Many parents know the difficulties of trying to motivate children to do things that they know for sure that they are for their children’s own good. How any times have you tried to tell your child to do something that will serve his long-term interest only for him to turn up his nose at your “out of touch views?” How many times has your child been so eager to disobey you? This should however not to be confused with being manipulative. Manipulation is usually done with a selfish motive that may ultimately end up hurting the child in one way or another.

Give them guided freedom

Children feel very good to know that they are free and that their thoughts count. Guided freedom means that the parent provides parameters within which the child operates in. Freedom has limits and the limits are necessary to ensure that they (the children) do not get hurt in the process of trying to learn life.

Give them responsibilities.

Children would like to know that they are growing up. As it is usually said, when children are young, they want to grow up fast; when they are adults, they want to grow younger (or at least appear younger.) Giving children responsibilities makes them know that they have been recognized as people who are growing up.
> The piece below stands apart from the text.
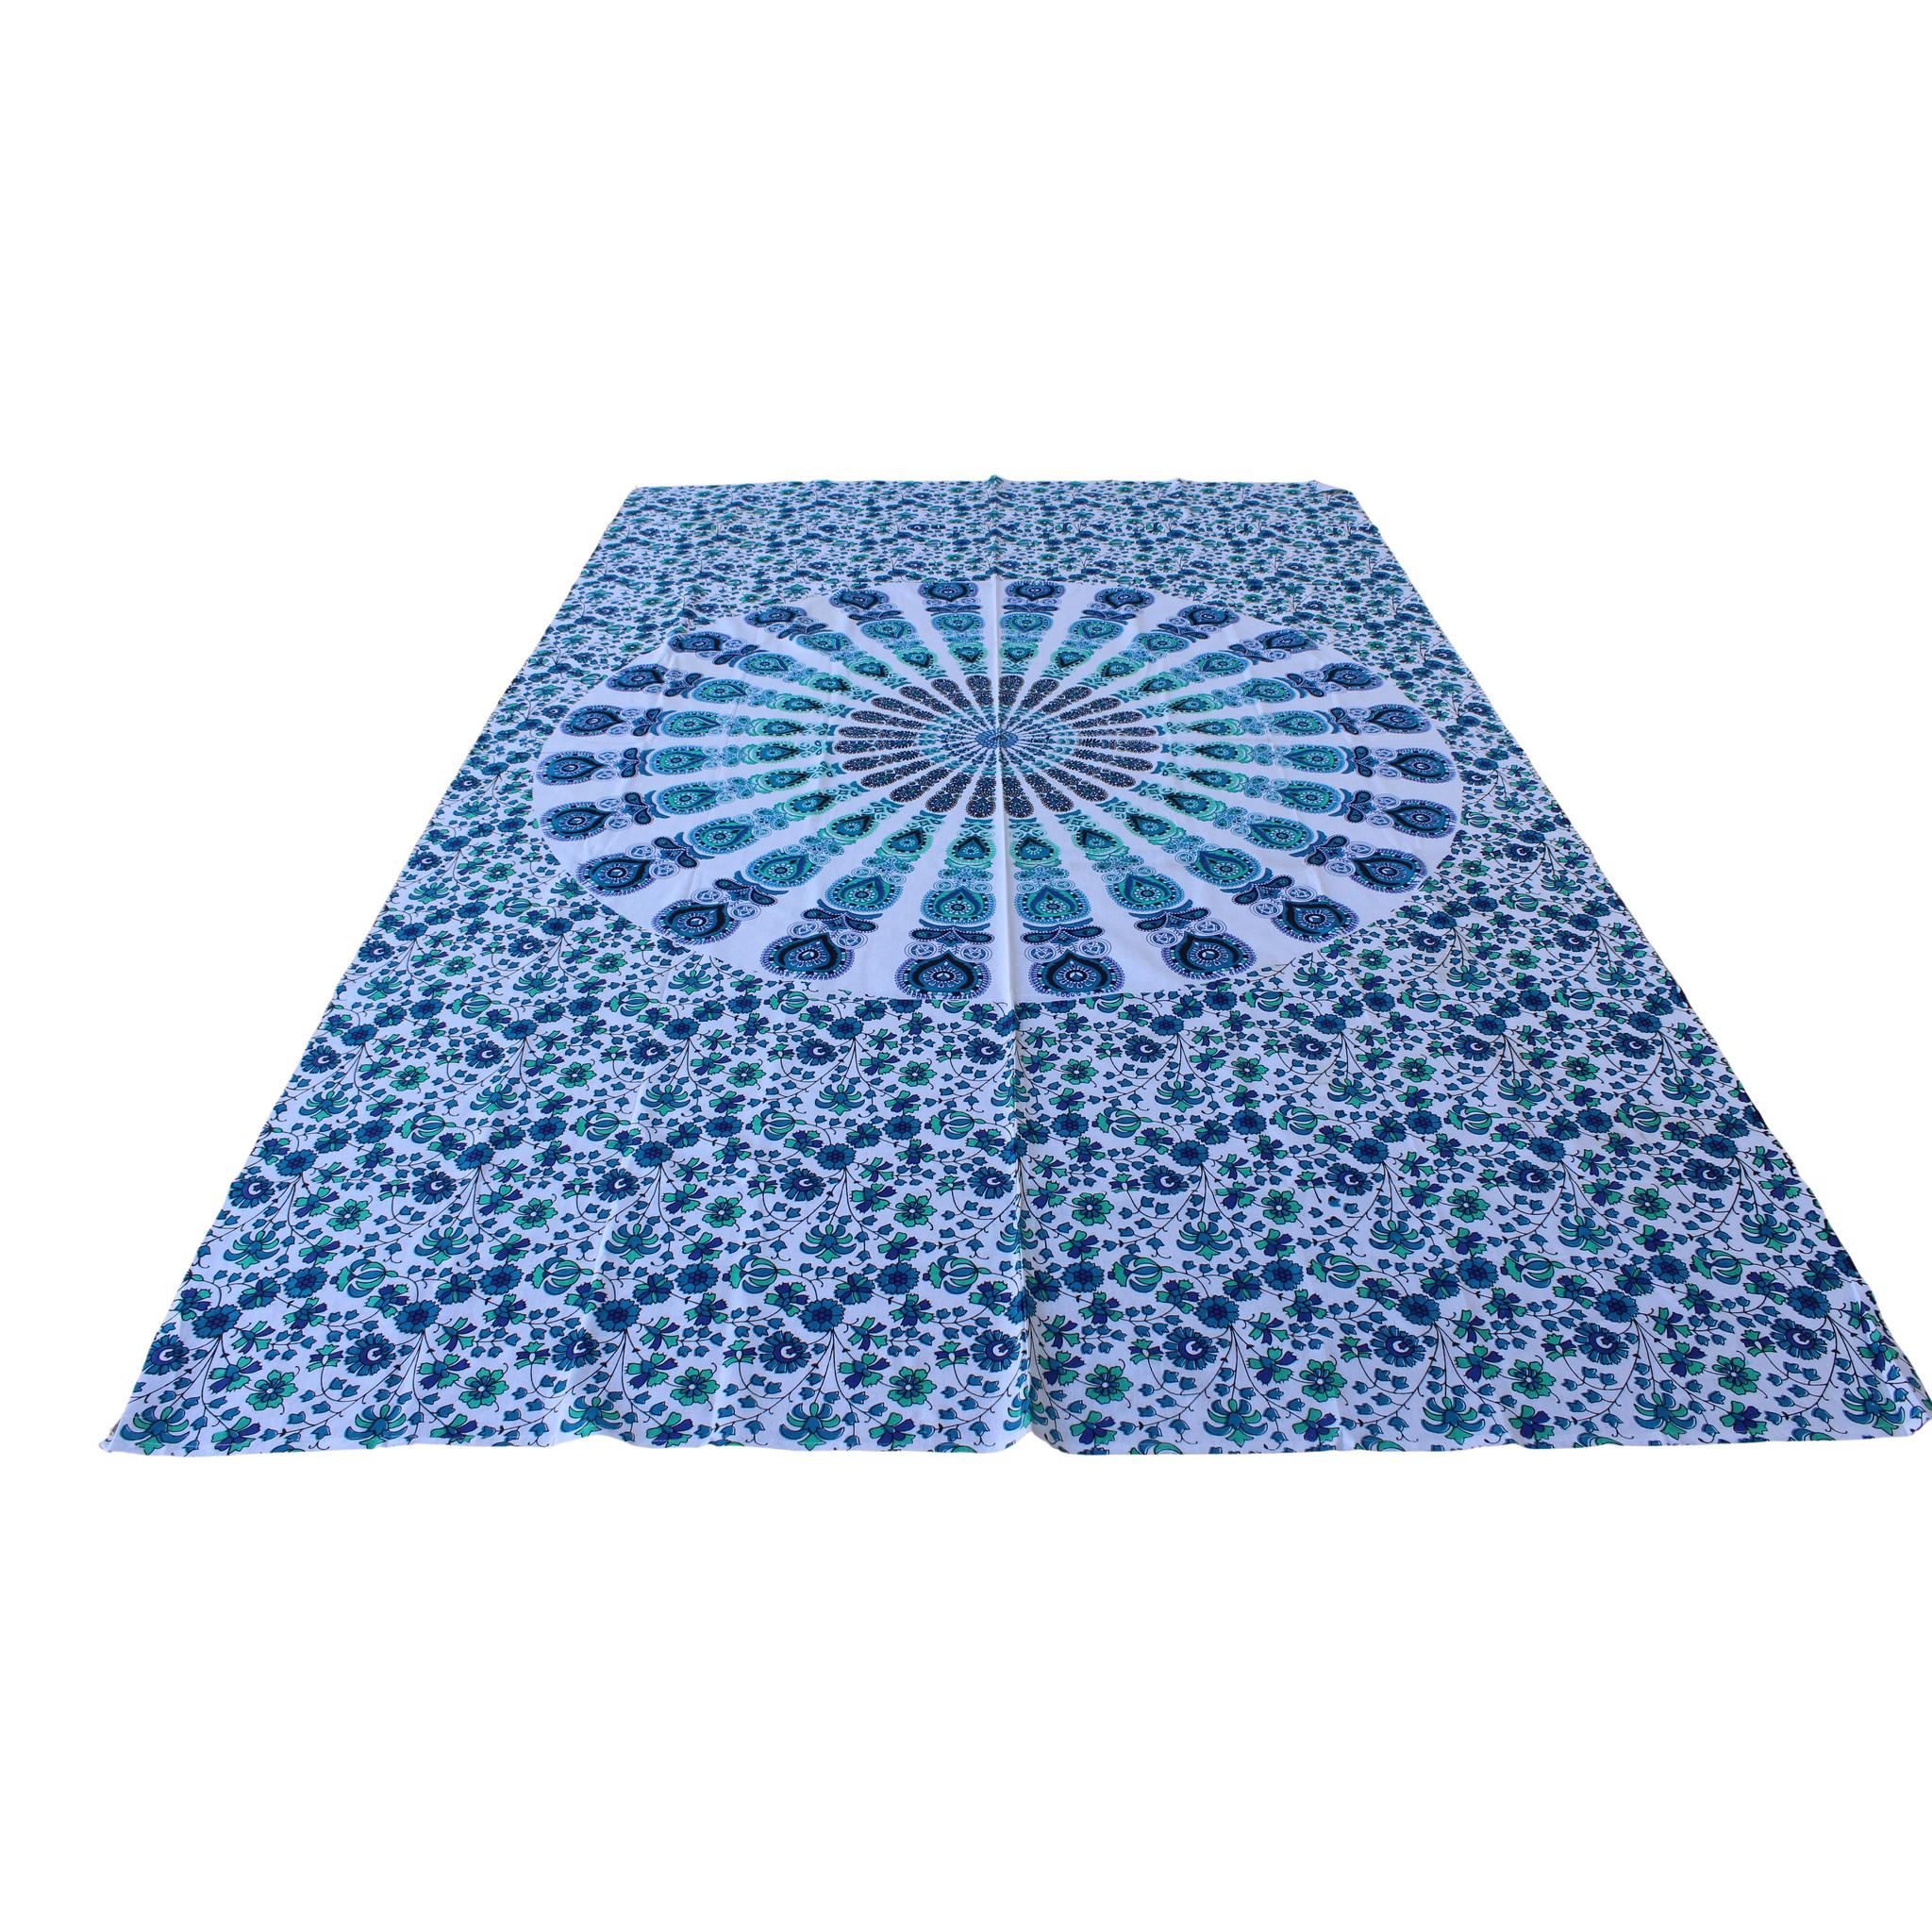 Myroundie Myroundie – roundie  - rechthoekig strandlaken – strandkleed - yoga kleed - picknickkleed - speelkleed - muurkleed - 100% katoen  - 140 x 210 cm - 812

These responsibilities may include budgeting, for household income and stuff like that. With this, the child knows about the difficulties that you as a parent face in managing the household income. This will stir him to be more responsible with his contributions in the home.

Communicate more

To properly motivate children, you need to listen to them and then take your time to explain why you think a certain position is important, or why certain things must be done in a certain way. If you take your time to explain why you would want things done in a certain way, your children will know that what you are telling them is for their own good. Care must be taken to ensure that beyond a certain point, some things are not negotiable. It won’t make sense to tell your one year old daughter to stop crawling towards the fire. You just say “no”. On the other hand, you’ll be happy to see you 12 year old daughter helping to prepare dinner.

Motivating children can turn out to be a very difficult task. The aim of it is not to make the child happy so that he/she can say “dad I love you.” It means leading the child to do what is right. He or she may be disappointed at first or sometime he or she may be very happy. It all depends – the greatest reasons for motivation are mainly about fear of pain and desire for gain; either of this will either make her happy or sad you must therefore be very ready to see your child getting disappointed with you.